Сергей приезжал перед спектаклем раньше всех, проверял реквизит, работу монтировщиков, однажды на сцене заметил торчавший гвоздь и устроил скандал. И я его понимаю: это ведь ему падать на пол, тем более после того страшного случая на гастролях.
Безруков всегда был жадным до работы. Лишь недавно научился говорить нет. Раньше его даже Табаков журил: «Серега, ты разбрасываешься». Я спорил с Олегом Павловичем: «Пусть пробует и то, и это и сам снимет фильм как режиссер».
Видел, как расстроился Табаков, когда Сергей покинул театр. Сказал тогда мэтру: «Ваши птенцы вылетают из гнезда, но это же замечательно! Для Безрукова открываются новые возможности». И Табаков согласился. Женя Миронов, Володя Машков уходили из «Табакерки», тоже расстраивая мастера, но в этом философия театра.
— В ваших постановках в «Табакерке» не раз играла Анастасия Заворотнюк.
— Для меня ее открыл Сережа Безруков. В «Психе» есть персонаж — медсестра, она единственная понимала, что герой — не душевнобольной, и стала его ангелом-хранителем. Исключительно благодаря ей герой выбирается из клиники. Я думал: кто способен сыграть эту роль? Сергей посоветовал: «У нас есть актриса, в которой есть что-то ангельское». Когда я вгляделся в Настю, влюбился в ее глаза-вишенки, странную бледность, очаровательную улыбку и утвердил на медсестру. Настя поразила тем, что на первую же репетицию надела белый халатик. Спрашиваю:
— Зачем?
— Мне надо...
Белый цвет халатика и шапочки мгновенно превратил ее в ангела, хотя я не посвящал Настю в свою идею. Она сама для себя все решила. До сих пор перед глазами ее улыбка... Со временем, конечно, она стала меняться, с возрастом в ней появилась грусть, а в юности Настя излучала чистый свет, тут они совпадали с Сергеем.

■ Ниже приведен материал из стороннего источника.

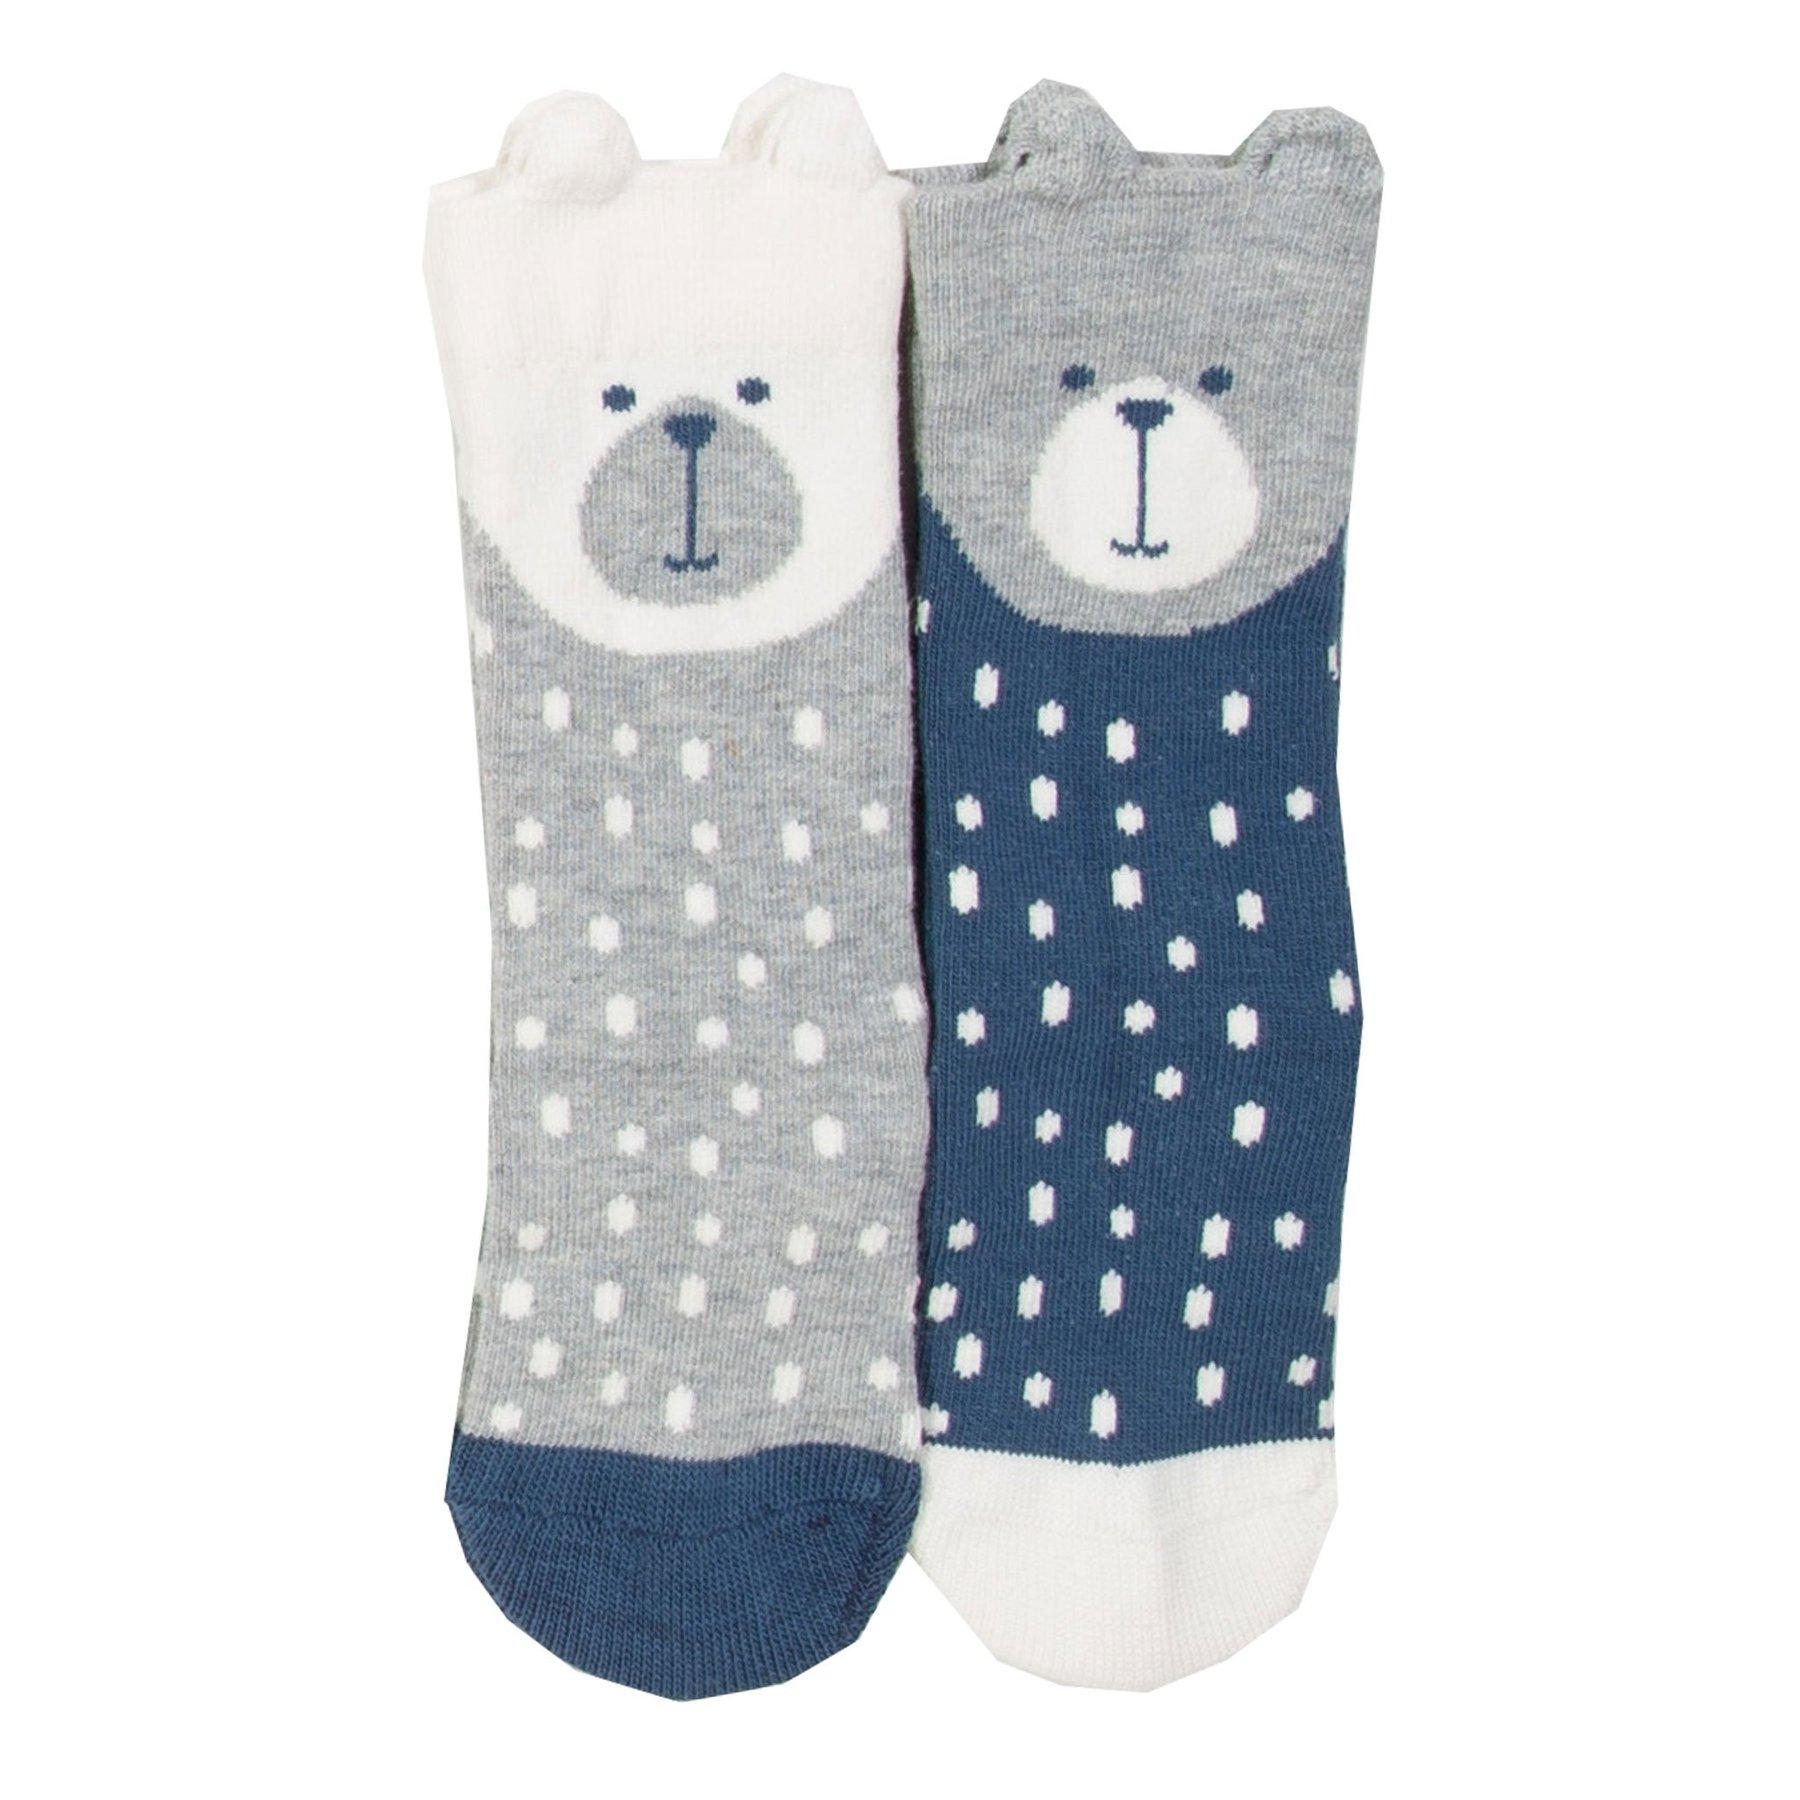 Kite 2 Pack Beary Socks
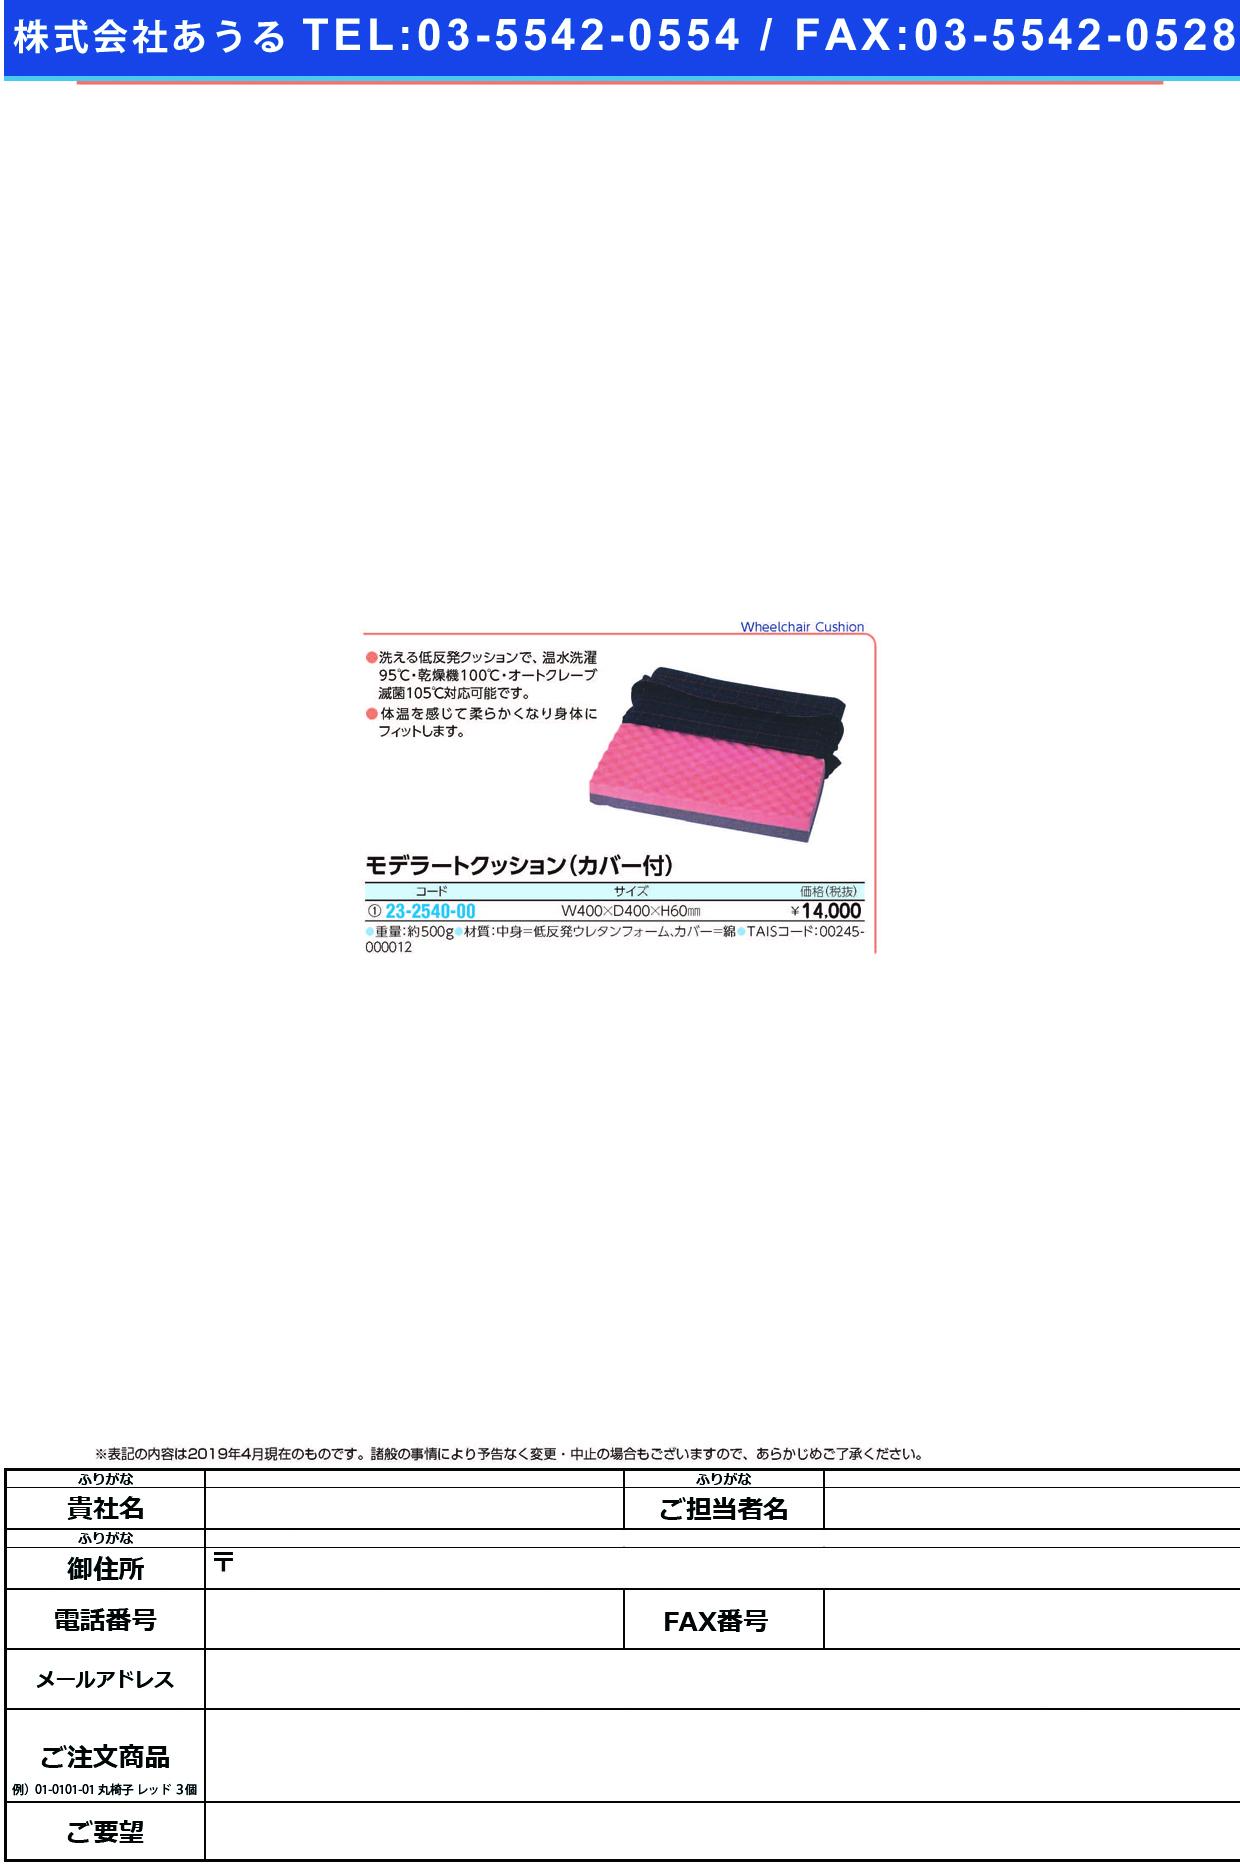 (23-2540-00)モデラートクッション(カバー付) 3145100 モデラートクッション(カバーツキ)【1個単位】【2019年カタログ商品】

Когда ставил «Феликса Круля», понимал, что Настя обязательно должна играть, и она блестяще справилась с ролью влюбленной в героя девушки. Она тоже ушла из «Табакерки» — не смогла совмещать сцену и кино. Приезжала на спектакли, падая от усталости. «Моя прекрасная няня» отняла ее у театра. Однажды Настя призналась: «Ребята, не могу приезжать на спектакли». О репетициях вообще речи не шло. Я просил не бросать хотя бы мои постановки. Не получилось. Сегодня желаю Насте лишь одного — здоровья.
Роль в «Феликсе Круле» подхватила Анна Чиповская. Это был ее первый ввод, теперь она — звезда. Я хорошо знал Анину маму, актрису Театра Вахтангова Олю Чиповскую, она наша, щукинская. Как-то сказал Ане:
— Знаю вашу однофамилицу.
— Так это моя мама.
Помню, она хохотала, когда я предрекал: «Эта роль — мистическая, она дала звездный старт Насте Заворотнюк. Уверен, и у вас будет успешная карьера». Когда пересеклись через несколько лет, Аня сказала: «Накаркали, Андрей Альбертович!» Она уже снялась в главной роли у Валерия Тодоровского в «Оттепели».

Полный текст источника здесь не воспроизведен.